Segment Open

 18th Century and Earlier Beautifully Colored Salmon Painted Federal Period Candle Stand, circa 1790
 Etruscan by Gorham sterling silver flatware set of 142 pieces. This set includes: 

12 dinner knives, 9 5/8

Segment Closed
Segment Open

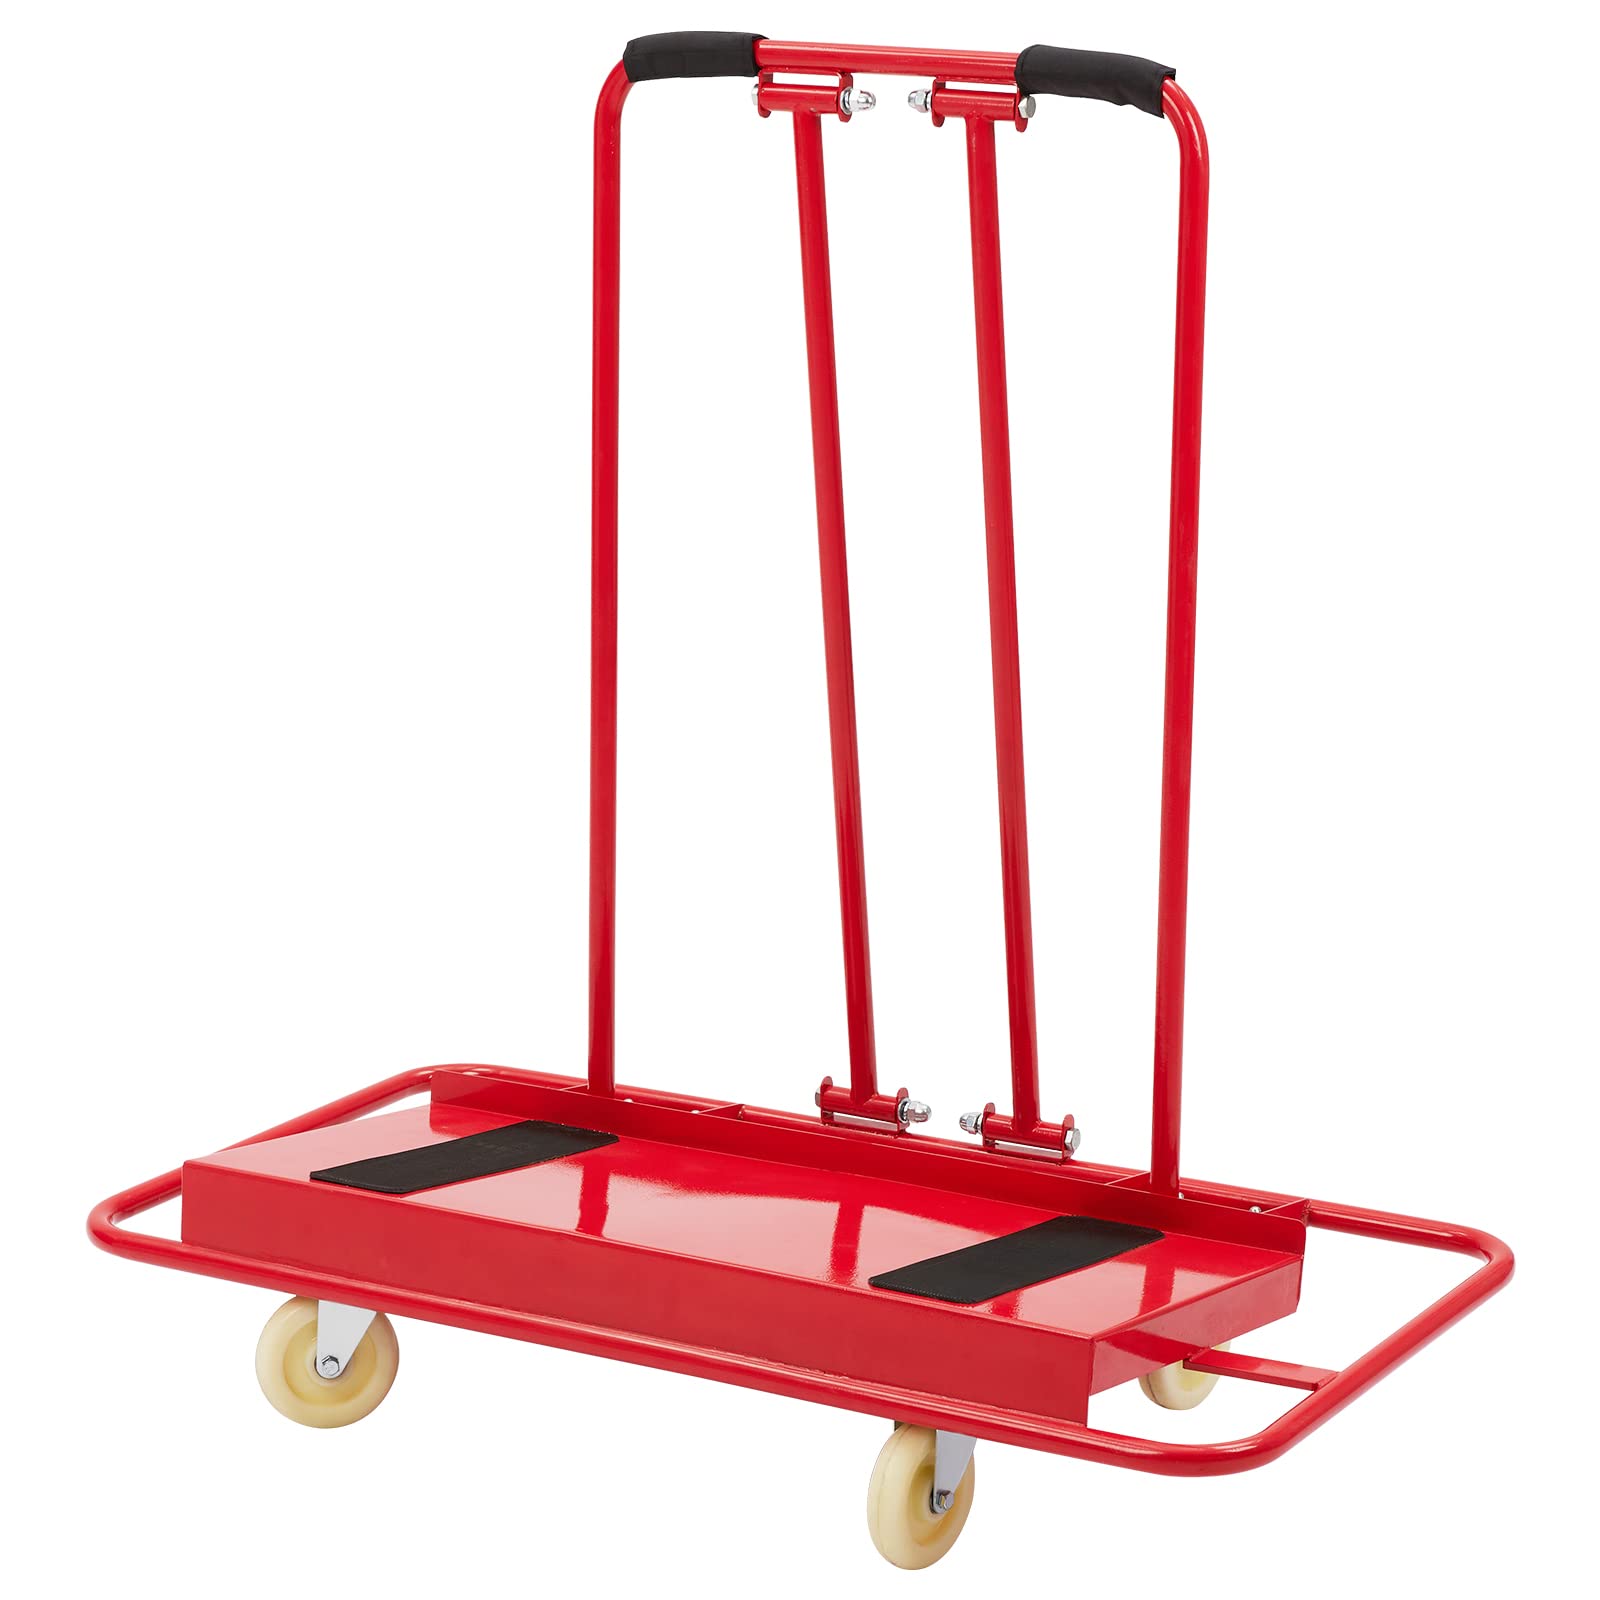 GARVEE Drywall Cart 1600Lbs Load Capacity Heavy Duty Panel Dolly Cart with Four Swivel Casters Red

Segment Closed

## [Exercise instructions]
Above are the records. Copy the lines beginning at the one that has "Etruscan by Gorham" and ending with the one that has "12 dinner knives, 9 5/8", unchanged.

## [Task response]
 Etruscan by Gorham sterling silver flatware set of 142 pieces. This set includes: 

12 dinner knives, 9 5/8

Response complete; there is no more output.